Re: [PATCHES] Fix for OWNER TO breaking ACLs

2004-08-01 Thread Tom Lane
Christopher Kings-Lynne [EMAIL PROTECTED] writes:
 Attached is a patch that fixes the owner change command on objects that 
 have privileges.

Applied with revisions.  Just FYI ---

* The aclnewowner code wasn't really right at all.  It was changing
ai_grantee without checking whether that value was a UID, GID, or WORLD;
and it was not adequately handling the problem of merging duplicate
entries afterwards.  (You have to think about entries with the new owner
as grantor as well as such entries with grantee; and even considering
only the grantee case, it's wrong to suppose there can be only one.)
I replaced the logic with a general-purpose search for duplicate
entries, which might be overkill but it will reliably get the right
answer.

* You had consistently changed the simple_heap_update calls to do the
wrong thing.  (I'm surprised it didn't blow up on you in your testing.)
In a sequence like

newtuple = heap_modifytuple(tup, rel, repl_val, repl_null, repl_repl);

simple_heap_update(rel, newtuple-t_self, newtuple);
CatalogUpdateIndexes(rel, newtuple);

the second parameter to simple_heap_update *must* be newtuple-t_self
not tup-t_self.  The reason is that simple_heap_update stores the new
physical location of the updated tuple back into that parameter, and
then the CatalogUpdateIndexes call relies on newtuple-t_self to
generate new index entries.  The way you had it coded, it was generating
new index entries pointing at the old version of the tuple ...

regards, tom lane

---(end of broadcast)---
TIP 1: subscribe and unsubscribe commands go to [EMAIL PROTECTED]

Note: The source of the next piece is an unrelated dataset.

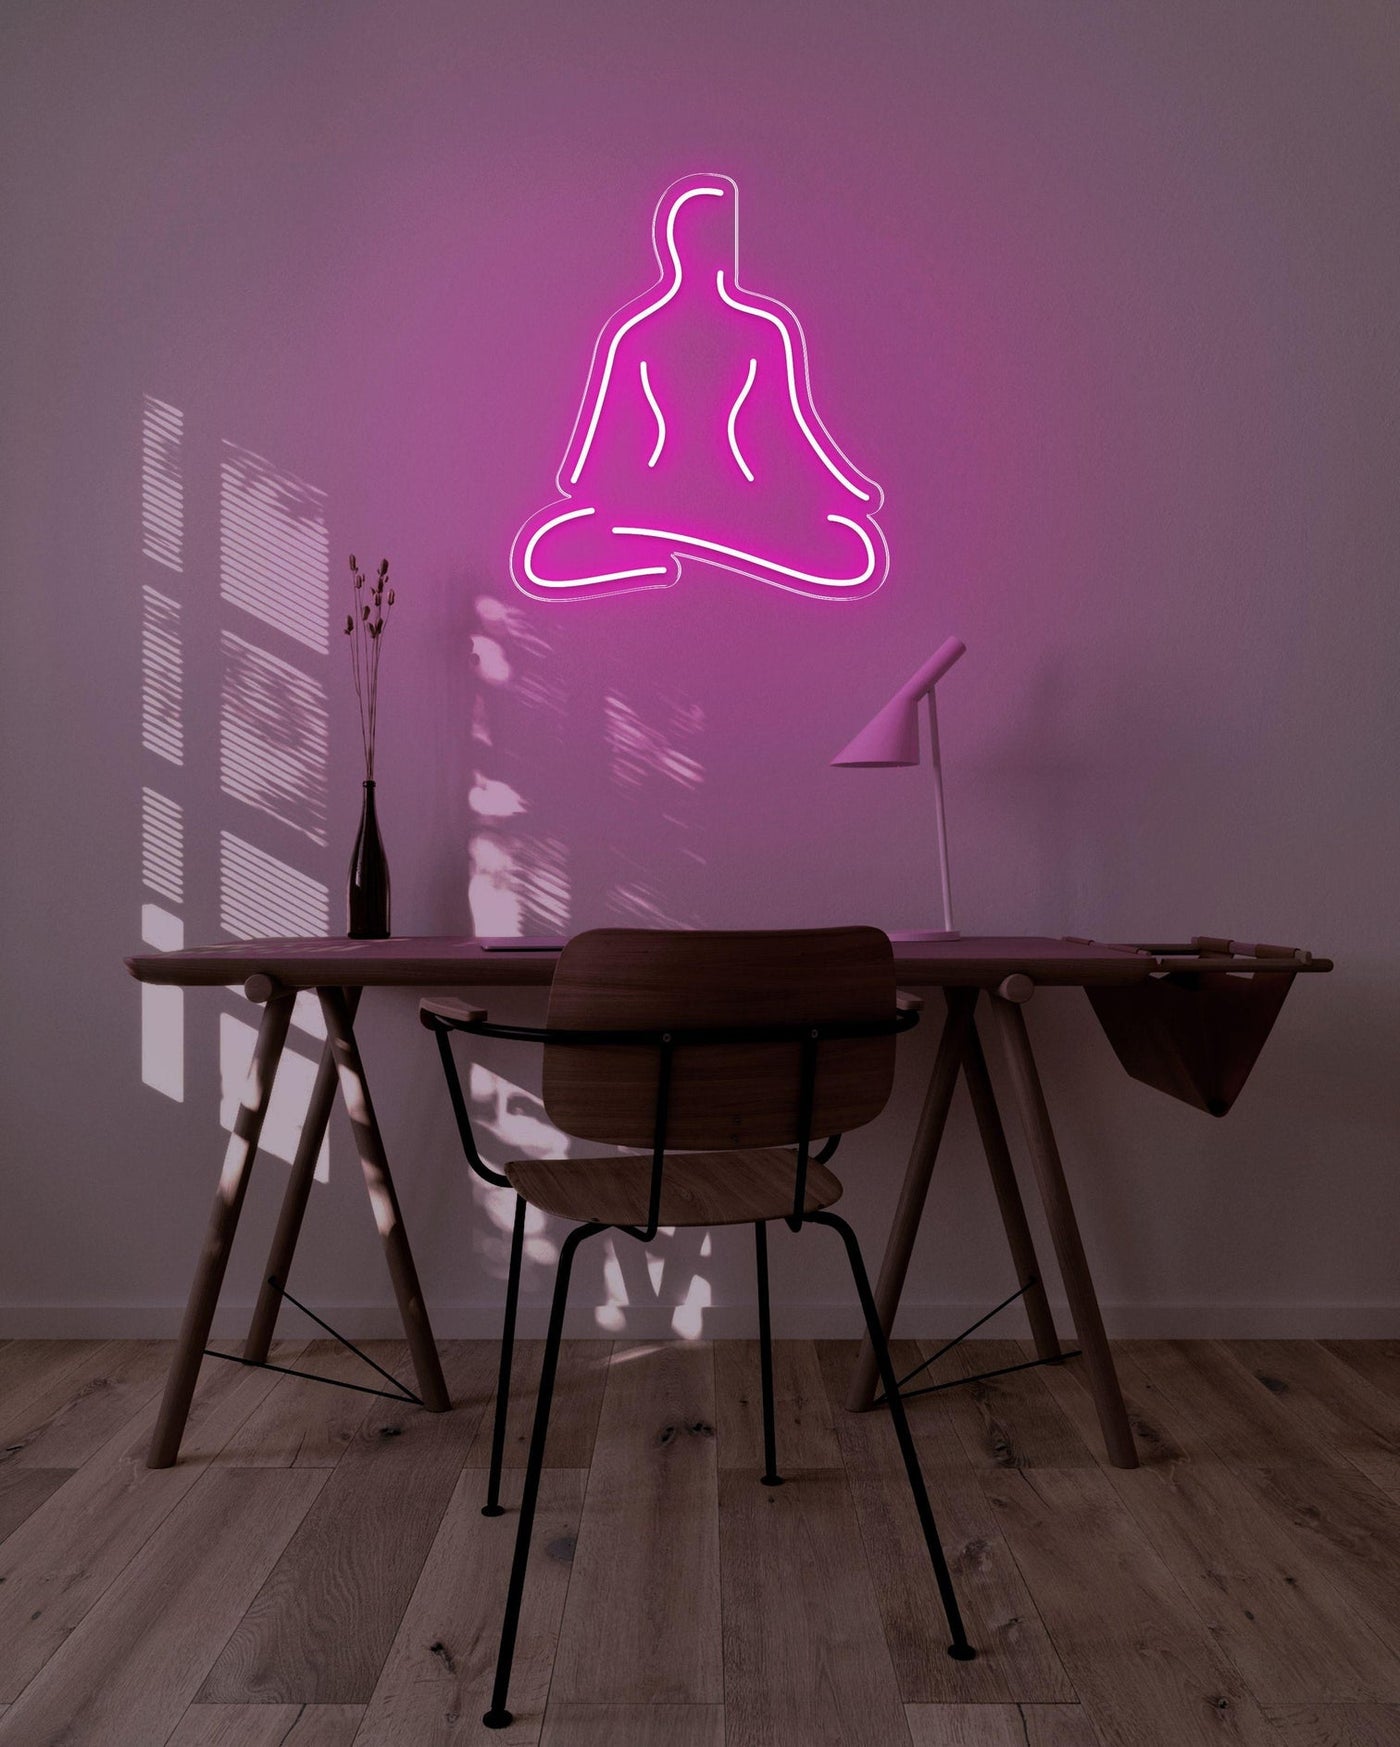 Meditate LED neon sign - 26inch x 29inchHot pink

Re: [PATCHES] Fix for OWNER TO breaking ACLs

2004-08-01 Thread Christopher Kings-Lynne
* You had consistently changed the simple_heap_update calls to do the
wrong thing.  (I'm surprised it didn't blow up on you in your testing.)
In a sequence like
newtuple = heap_modifytuple(tup, rel, repl_val, repl_null, repl_repl);
simple_heap_update(rel, newtuple-t_self, newtuple);
CatalogUpdateIndexes(rel, newtuple);
the second parameter to simple_heap_update *must* be newtuple-t_self
not tup-t_self.  The reason is that simple_heap_update stores the new
physical location of the updated tuple back into that parameter, and
then the CatalogUpdateIndexes call relies on newtuple-t_self to
generate new index entries.  The way you had it coded, it was generating
new index entries pointing at the old version of the tuple ...
Strange.  I guess I must have been testing with a database that had 
short enough system catalogs that the indexes were never used?